WORK TO COMPLETE: Copy verbatim the block of lines in the entries below whose first line contains "Окно браузера, отображающее" and whose last line contains "Vision + Delusion - E-Magazine | UI/UX". Leave out all other lines.

Collected data:
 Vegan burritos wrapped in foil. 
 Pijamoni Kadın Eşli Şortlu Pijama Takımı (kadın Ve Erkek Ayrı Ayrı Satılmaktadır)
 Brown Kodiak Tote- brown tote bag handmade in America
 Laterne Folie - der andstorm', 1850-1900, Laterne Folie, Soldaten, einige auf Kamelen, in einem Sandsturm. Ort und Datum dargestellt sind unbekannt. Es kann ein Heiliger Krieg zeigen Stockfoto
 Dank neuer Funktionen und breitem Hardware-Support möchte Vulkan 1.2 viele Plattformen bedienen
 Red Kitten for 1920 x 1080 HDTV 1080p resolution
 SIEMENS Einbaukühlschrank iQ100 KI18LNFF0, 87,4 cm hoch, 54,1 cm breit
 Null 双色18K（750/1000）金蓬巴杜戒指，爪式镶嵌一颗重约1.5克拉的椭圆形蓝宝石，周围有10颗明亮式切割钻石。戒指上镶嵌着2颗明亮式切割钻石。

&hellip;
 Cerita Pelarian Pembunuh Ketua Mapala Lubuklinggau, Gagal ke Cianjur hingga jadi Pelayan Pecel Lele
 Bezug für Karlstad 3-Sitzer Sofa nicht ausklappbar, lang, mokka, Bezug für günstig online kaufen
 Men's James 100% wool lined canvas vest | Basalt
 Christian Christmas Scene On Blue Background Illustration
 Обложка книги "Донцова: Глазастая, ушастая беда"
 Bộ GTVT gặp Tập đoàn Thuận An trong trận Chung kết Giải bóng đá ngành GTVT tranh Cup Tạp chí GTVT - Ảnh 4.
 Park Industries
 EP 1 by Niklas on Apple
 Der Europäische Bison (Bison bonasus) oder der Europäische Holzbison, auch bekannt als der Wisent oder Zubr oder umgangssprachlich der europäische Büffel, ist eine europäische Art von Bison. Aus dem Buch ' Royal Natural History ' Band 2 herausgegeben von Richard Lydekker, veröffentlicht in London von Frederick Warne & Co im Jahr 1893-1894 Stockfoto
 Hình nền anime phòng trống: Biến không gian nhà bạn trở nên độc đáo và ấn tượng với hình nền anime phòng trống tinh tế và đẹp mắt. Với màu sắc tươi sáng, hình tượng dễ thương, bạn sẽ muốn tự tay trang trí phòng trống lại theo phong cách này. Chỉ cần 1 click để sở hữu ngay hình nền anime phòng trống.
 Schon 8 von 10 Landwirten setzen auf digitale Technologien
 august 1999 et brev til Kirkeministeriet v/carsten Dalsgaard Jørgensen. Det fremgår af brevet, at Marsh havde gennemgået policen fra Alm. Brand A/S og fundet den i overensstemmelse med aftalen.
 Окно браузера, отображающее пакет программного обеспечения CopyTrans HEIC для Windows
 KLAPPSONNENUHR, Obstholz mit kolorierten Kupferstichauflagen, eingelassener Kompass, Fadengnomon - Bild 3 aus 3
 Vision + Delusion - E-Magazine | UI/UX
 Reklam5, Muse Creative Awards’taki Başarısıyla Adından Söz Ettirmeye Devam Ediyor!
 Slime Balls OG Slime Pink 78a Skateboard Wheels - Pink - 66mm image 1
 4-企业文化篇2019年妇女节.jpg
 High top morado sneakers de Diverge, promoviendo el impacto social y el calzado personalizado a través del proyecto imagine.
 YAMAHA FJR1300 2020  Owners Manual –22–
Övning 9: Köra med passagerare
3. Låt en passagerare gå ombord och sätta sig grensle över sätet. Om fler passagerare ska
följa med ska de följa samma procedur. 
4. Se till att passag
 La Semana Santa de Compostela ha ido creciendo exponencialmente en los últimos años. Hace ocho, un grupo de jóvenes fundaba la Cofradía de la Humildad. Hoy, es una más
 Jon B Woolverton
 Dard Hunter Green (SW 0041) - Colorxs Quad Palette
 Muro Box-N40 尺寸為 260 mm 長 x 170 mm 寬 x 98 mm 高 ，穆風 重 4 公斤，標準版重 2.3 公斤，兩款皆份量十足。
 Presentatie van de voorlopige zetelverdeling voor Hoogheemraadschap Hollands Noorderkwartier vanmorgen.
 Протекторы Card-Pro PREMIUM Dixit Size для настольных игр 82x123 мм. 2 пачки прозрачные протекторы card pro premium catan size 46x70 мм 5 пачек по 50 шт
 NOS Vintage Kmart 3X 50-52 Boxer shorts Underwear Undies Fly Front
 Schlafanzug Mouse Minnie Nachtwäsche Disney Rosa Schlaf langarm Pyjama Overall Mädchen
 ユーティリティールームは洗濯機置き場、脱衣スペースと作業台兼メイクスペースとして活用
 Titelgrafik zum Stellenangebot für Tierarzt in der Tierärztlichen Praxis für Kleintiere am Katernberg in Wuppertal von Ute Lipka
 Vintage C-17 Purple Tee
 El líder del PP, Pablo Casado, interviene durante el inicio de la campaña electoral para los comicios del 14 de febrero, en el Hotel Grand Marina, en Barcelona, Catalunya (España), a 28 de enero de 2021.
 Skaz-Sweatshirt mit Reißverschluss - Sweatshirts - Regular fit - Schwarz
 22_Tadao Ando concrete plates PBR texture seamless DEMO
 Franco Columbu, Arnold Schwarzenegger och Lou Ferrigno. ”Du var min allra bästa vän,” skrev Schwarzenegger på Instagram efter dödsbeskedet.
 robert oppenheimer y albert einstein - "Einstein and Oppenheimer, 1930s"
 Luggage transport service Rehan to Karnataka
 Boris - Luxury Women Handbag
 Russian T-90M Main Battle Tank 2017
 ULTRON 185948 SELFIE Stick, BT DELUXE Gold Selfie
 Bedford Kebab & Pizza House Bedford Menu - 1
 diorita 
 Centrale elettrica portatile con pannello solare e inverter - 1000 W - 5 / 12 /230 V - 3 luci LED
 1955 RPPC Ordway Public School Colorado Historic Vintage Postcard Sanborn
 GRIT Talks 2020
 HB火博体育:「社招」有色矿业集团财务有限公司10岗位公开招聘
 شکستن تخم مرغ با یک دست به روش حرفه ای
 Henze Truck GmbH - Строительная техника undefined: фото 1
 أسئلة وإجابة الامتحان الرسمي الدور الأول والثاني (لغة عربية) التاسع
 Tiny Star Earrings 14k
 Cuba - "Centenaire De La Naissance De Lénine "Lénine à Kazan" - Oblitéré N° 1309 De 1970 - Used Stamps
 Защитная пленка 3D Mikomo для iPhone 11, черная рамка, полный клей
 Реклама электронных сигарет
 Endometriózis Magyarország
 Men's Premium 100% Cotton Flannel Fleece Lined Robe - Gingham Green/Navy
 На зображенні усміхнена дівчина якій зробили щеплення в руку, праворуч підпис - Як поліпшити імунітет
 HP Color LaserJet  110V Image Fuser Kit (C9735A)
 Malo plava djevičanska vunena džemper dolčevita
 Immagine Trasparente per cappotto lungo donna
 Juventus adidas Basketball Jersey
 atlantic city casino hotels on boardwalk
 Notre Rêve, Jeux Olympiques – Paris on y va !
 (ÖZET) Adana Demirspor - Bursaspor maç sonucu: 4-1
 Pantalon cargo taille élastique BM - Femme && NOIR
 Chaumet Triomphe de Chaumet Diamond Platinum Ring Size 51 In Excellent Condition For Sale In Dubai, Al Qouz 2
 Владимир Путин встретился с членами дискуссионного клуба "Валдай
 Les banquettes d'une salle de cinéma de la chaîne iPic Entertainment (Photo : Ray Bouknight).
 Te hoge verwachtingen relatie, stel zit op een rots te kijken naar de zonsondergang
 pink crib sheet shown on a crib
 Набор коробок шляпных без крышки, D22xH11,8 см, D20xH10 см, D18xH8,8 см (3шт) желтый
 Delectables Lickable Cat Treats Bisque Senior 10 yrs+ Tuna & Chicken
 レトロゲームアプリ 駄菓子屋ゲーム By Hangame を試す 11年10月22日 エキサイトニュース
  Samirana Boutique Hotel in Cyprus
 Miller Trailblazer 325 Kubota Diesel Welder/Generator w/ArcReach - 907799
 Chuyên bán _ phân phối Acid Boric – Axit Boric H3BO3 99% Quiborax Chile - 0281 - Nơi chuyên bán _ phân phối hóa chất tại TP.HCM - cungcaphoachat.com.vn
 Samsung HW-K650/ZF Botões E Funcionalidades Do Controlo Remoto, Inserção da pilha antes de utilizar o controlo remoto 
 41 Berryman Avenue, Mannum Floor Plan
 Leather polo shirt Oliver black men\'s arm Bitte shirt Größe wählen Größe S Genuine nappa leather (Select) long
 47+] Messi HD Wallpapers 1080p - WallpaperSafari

ANSWER SECTION:
 Окно браузера, отображающее пакет программного обеспечения CopyTrans HEIC для Windows
 KLAPPSONNENUHR, Obstholz mit kolorierten Kupferstichauflagen, eingelassener Kompass, Fadengnomon - Bild 3 aus 3
 Vision + Delusion - E-Magazine | UI/UX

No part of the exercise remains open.